DATASET EXCERPTS below:
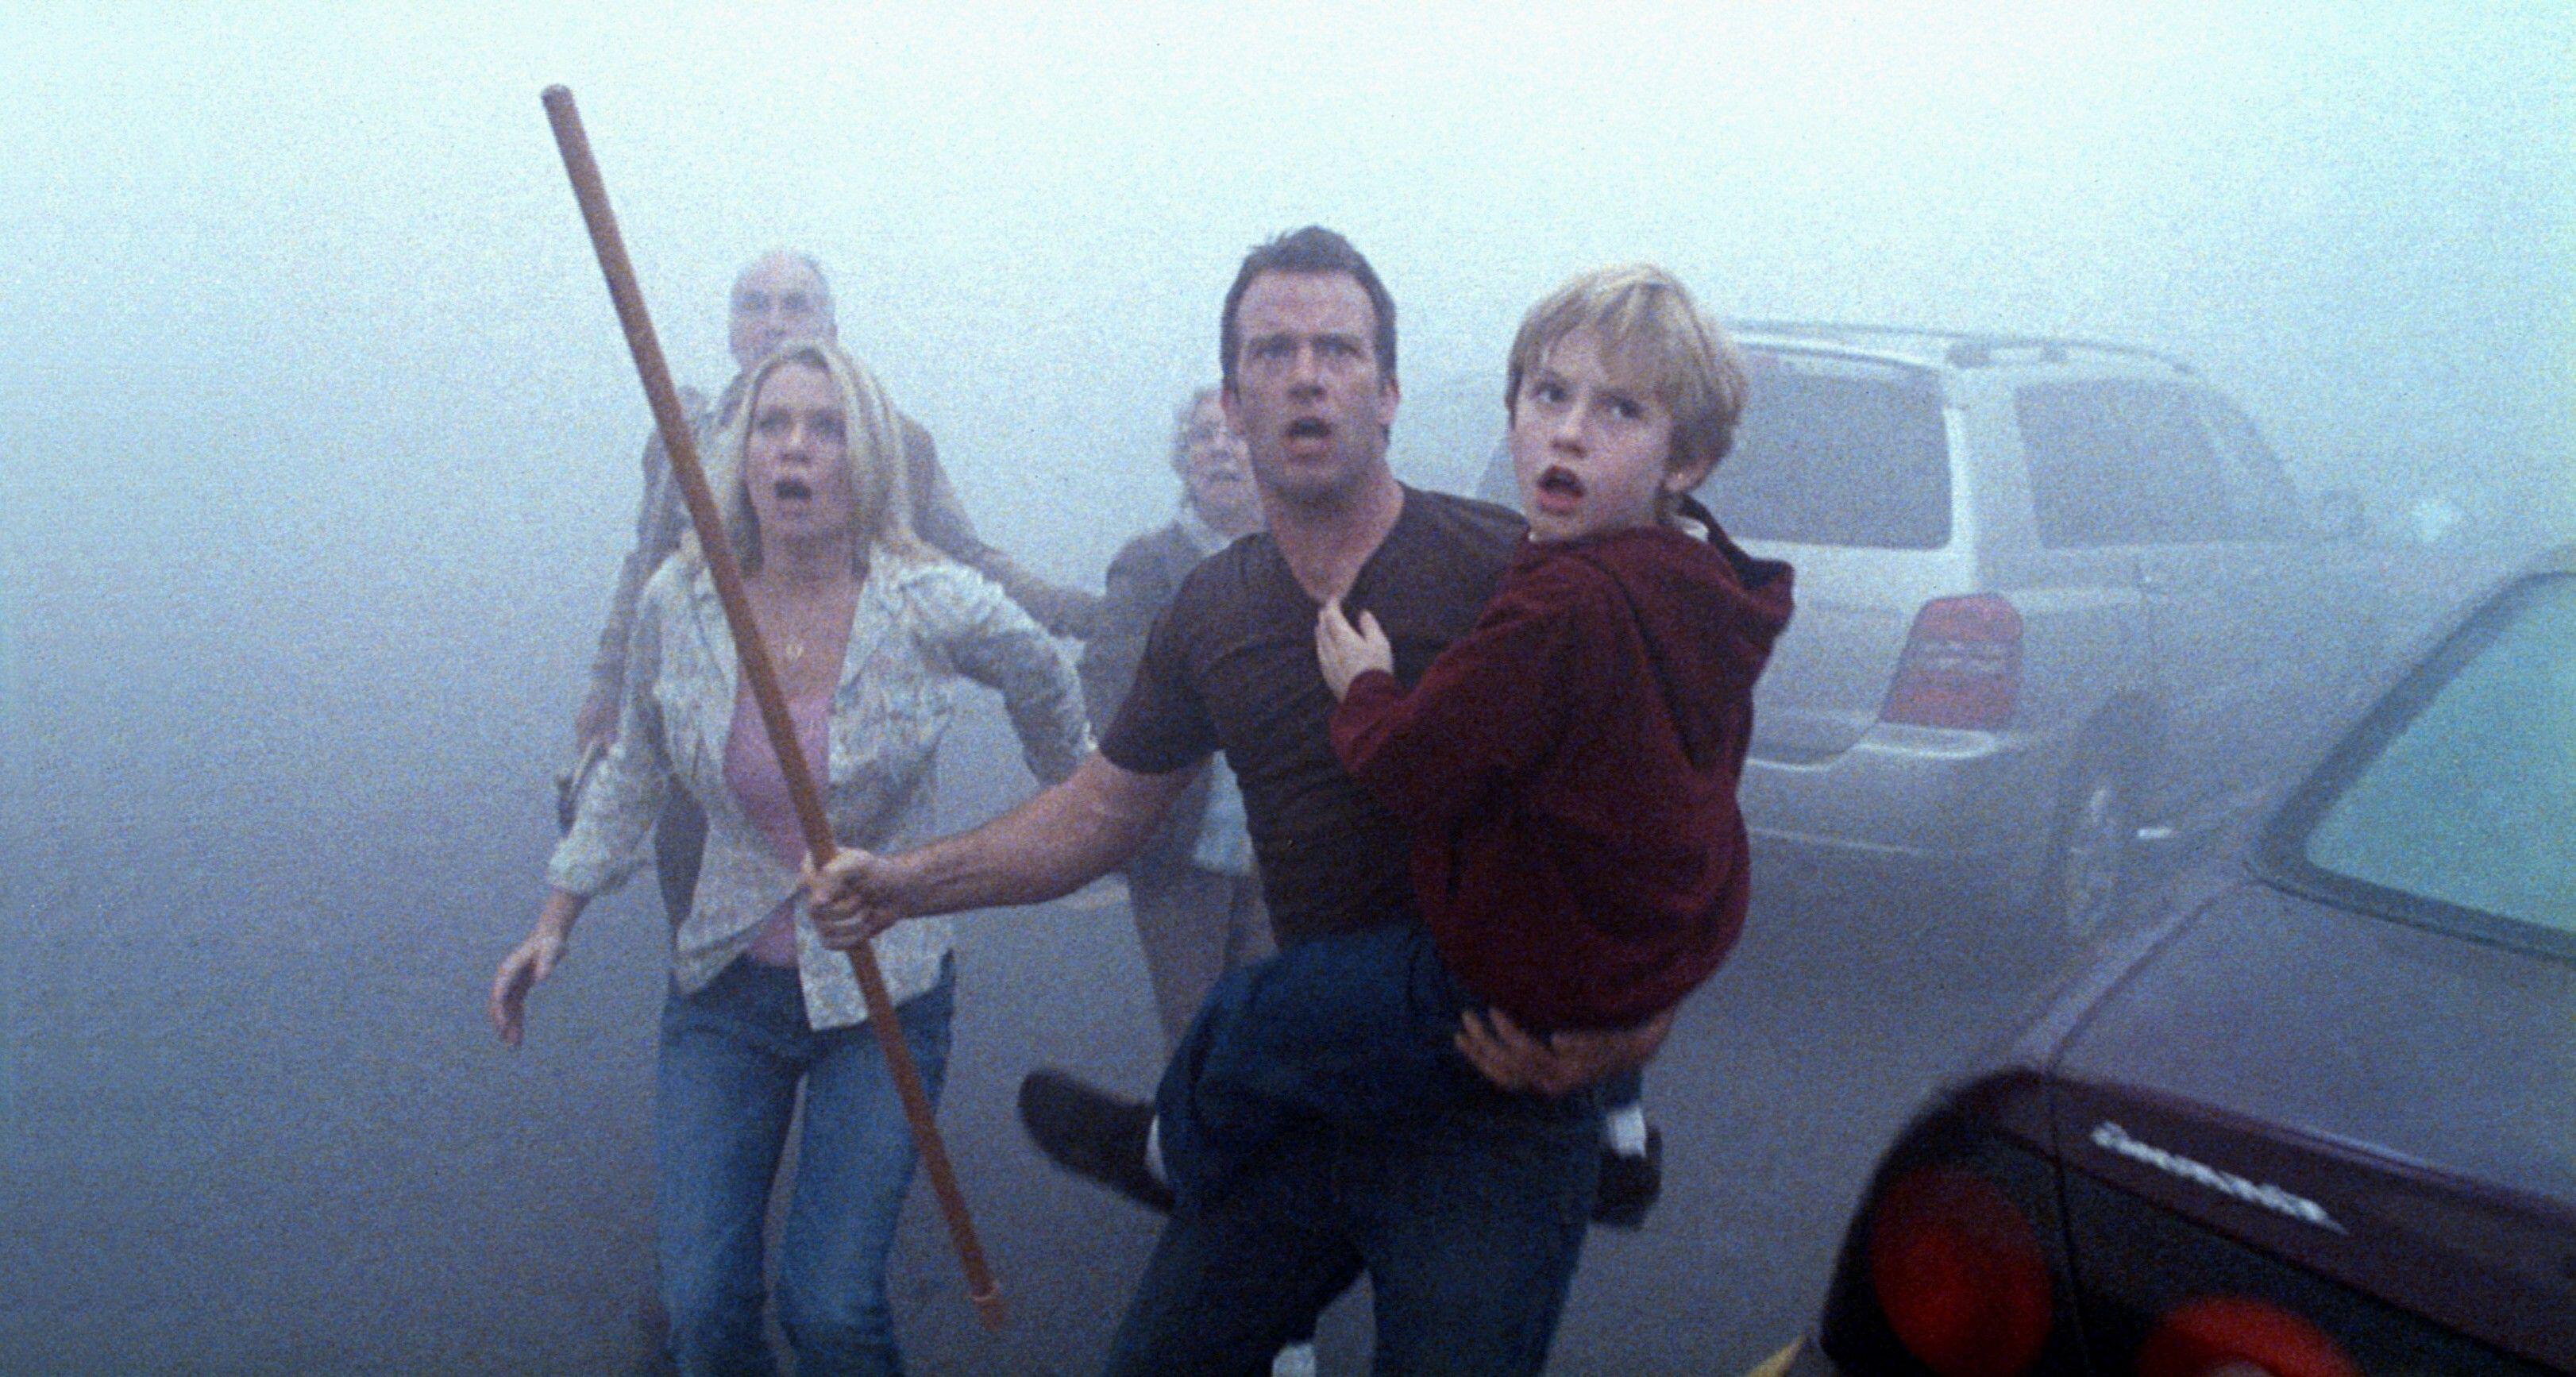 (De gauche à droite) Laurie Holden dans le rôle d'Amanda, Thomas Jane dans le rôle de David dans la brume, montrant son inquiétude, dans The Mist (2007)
End of DATASET EXCERPTS.
DATASET EXCERPTS below:
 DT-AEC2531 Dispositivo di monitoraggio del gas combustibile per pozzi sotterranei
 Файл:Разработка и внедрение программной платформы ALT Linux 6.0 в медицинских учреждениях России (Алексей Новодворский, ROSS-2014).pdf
End of DATASET EXCERPTS.
WORK TASK: Taking the listing above as the source, transcribe only the lines starting at the line with "DT-AEC2531 Dispositivo di" and going through the line with "Файл:Разработка и внедрение", unaltered and with both ends included.

REPLY:
 DT-AEC2531 Dispositivo di monitoraggio del gas combustibile per pozzi sotterranei
 Файл:Разработка и внедрение программной платформы ALT Linux 6.0 в медицинских учреждениях России (Алексей Новодворский, ROSS-2014).pdf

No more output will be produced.